SG: The production was me, Nick, and Ed. We did it ourselves. We have a studio here in Nashville that we just built for our purposes. It’s a house on Love Circle: we call it The Treehouse. It’s a rental property that Nick owns and we set up shop and write and record demos there, and ultimately made the record there.
MM: What’s the primary influence and inspiration behind this particular album?
SG: The short answer is all the same stuff we’ve always listened to; which is the gamete of all-American music forms. And all of which are southern music forms: rock n’ roll, jazz, bluegrass, and all of that stuff is in the mix. But one thing we did discuss in this album was that we really wanted a certain groove-thread. Just one of those records where everyone knows it, but they don’t even know they love it. Like Little Feat records, or the Meters. When those records are on at a party, the whole room is just moving, whether they even know it. We wanted this record to have that vibe. You can put the album on at the beginning and go all the way through. There’s a groove and vibe that holds together. So a song like, “Long Lost Friend,” “Butcher’s Daughter,” and “Paving the Road,” they’re all very, very different songs, but they all have a continuity, and it just works in a certain way.
MM: Do you sometimes have certain artists in mind when recording certain songs as maybe kind of an ode to them? Like your song “Goddamn Hurricane” to me is very reminiscent of The Band.
SG: When Nick wrote that song he wasn’t necessarily thinking of writing a Band-type song, but when you write that song and that’s the expression - his vocal approach is somewhere between Levon Helm and Lowell George. Their bastard lovechild would be Nick Govrik. Everything he does is swimming in that end of the pool. But we don’t have to discuss what kind of tune it is, they usually just speak for themselves.
MM: How does the songwriting process work within the band? Do one or two of you do most of it, or is it more of a regimented and group collaboration?

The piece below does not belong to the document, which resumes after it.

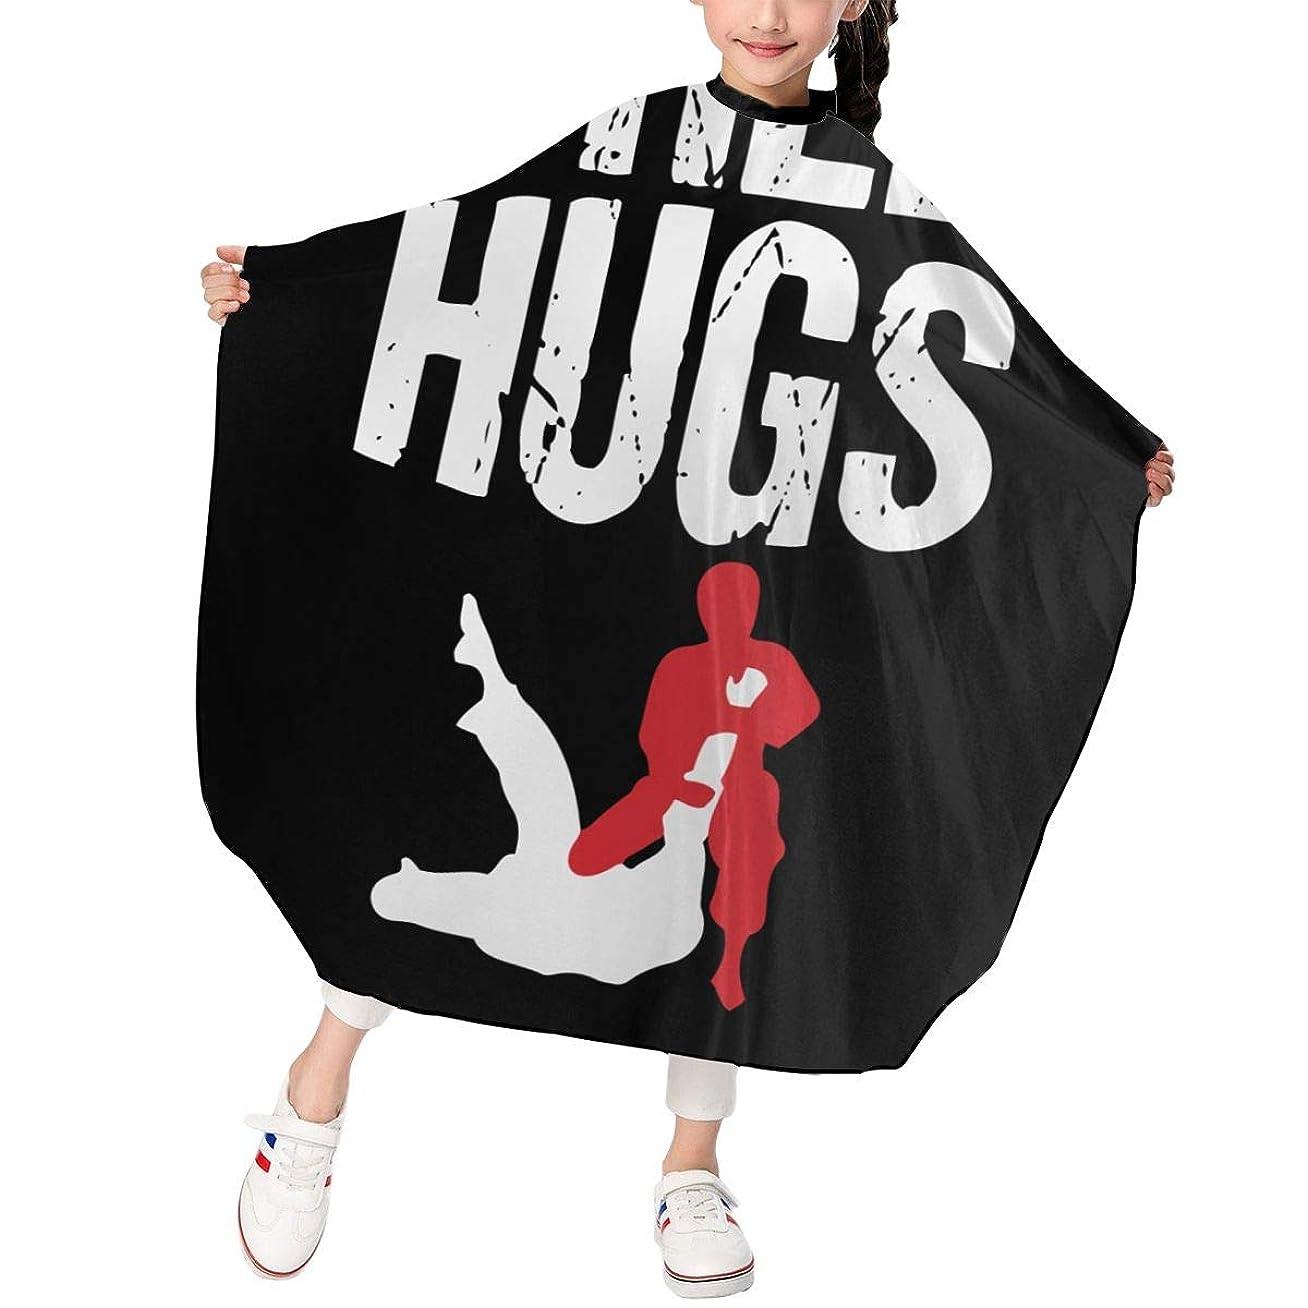 赤外線顎観光に行くCute Free Hugs Jiu Jitsu BJJ Martial Arts 子供エプロン ヘアーエプロン 散髪 ケープ 美容エプロン 静電気防止 ヘアカット ファミリー理髪 防水 自宅カット 120*100cm
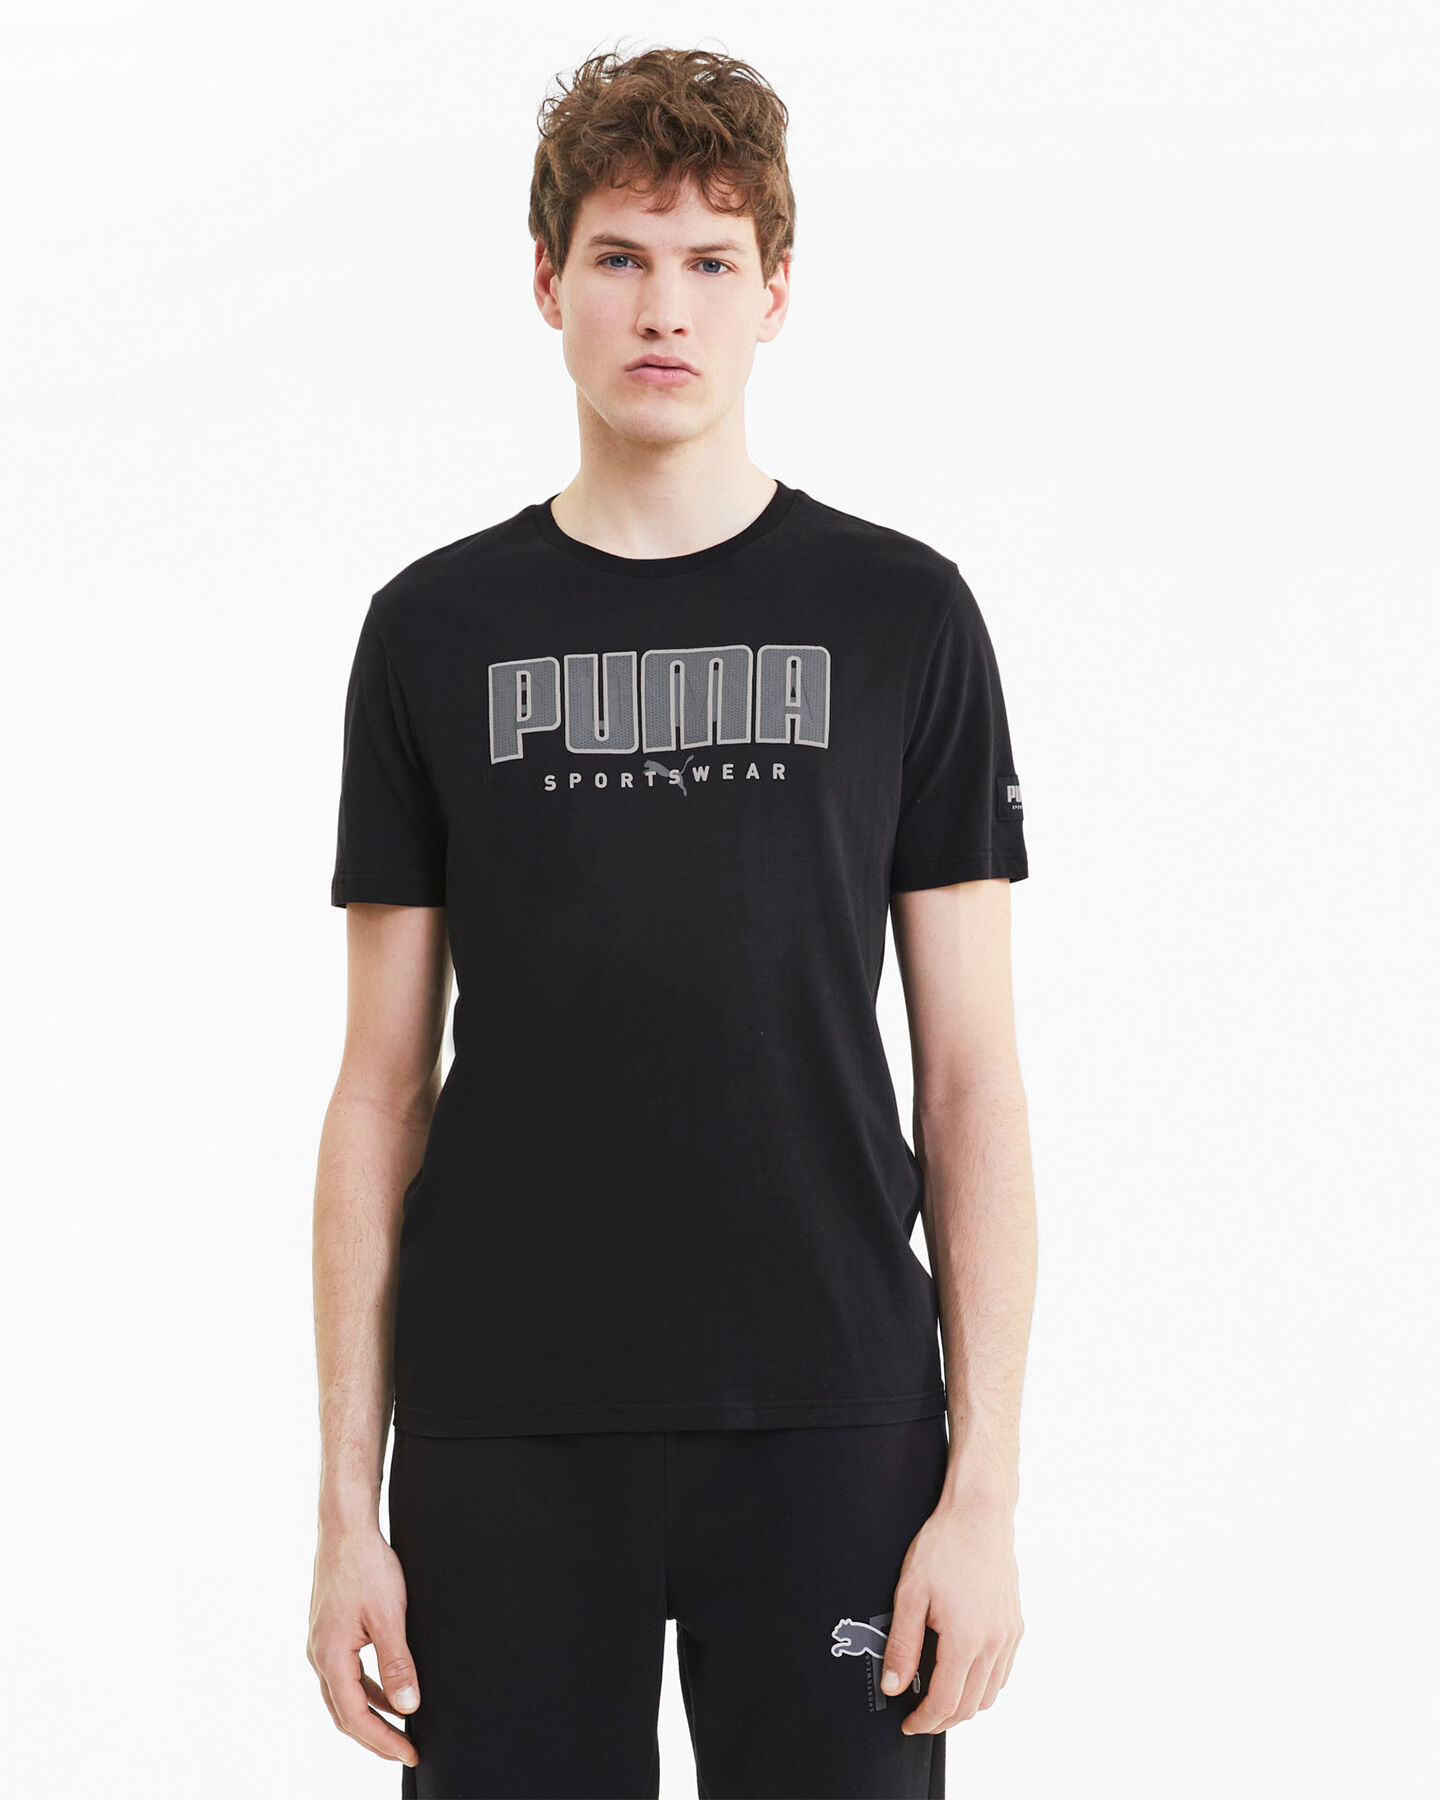 T-Shirt PUMA ATHTLETIC M S5235064|01|S scatto 2

SG: If you look at the liner notes on both Trigger Hippy albums, at least half the songs say Nick Govrik by himself. And if another member contributed just a few lines of the lyric, Govrik would give them credit, but they were pretty much Nick’s tunes. He’s very prolific. There are times when he comes in with a song, and he’s like, “Hey, I got this song! Listen!” And it’s done. Like the song is full circle and done, like “Goddamn Hurricane” was just finished. But then there are songs like “Born to Be Blue,” and it’s just the three of us sitting in the room and throwing ideas at the wall. And we realized, “This should just be a meditative number. Like, this thing should just simmer.” I think, right away, we all could hear something similar.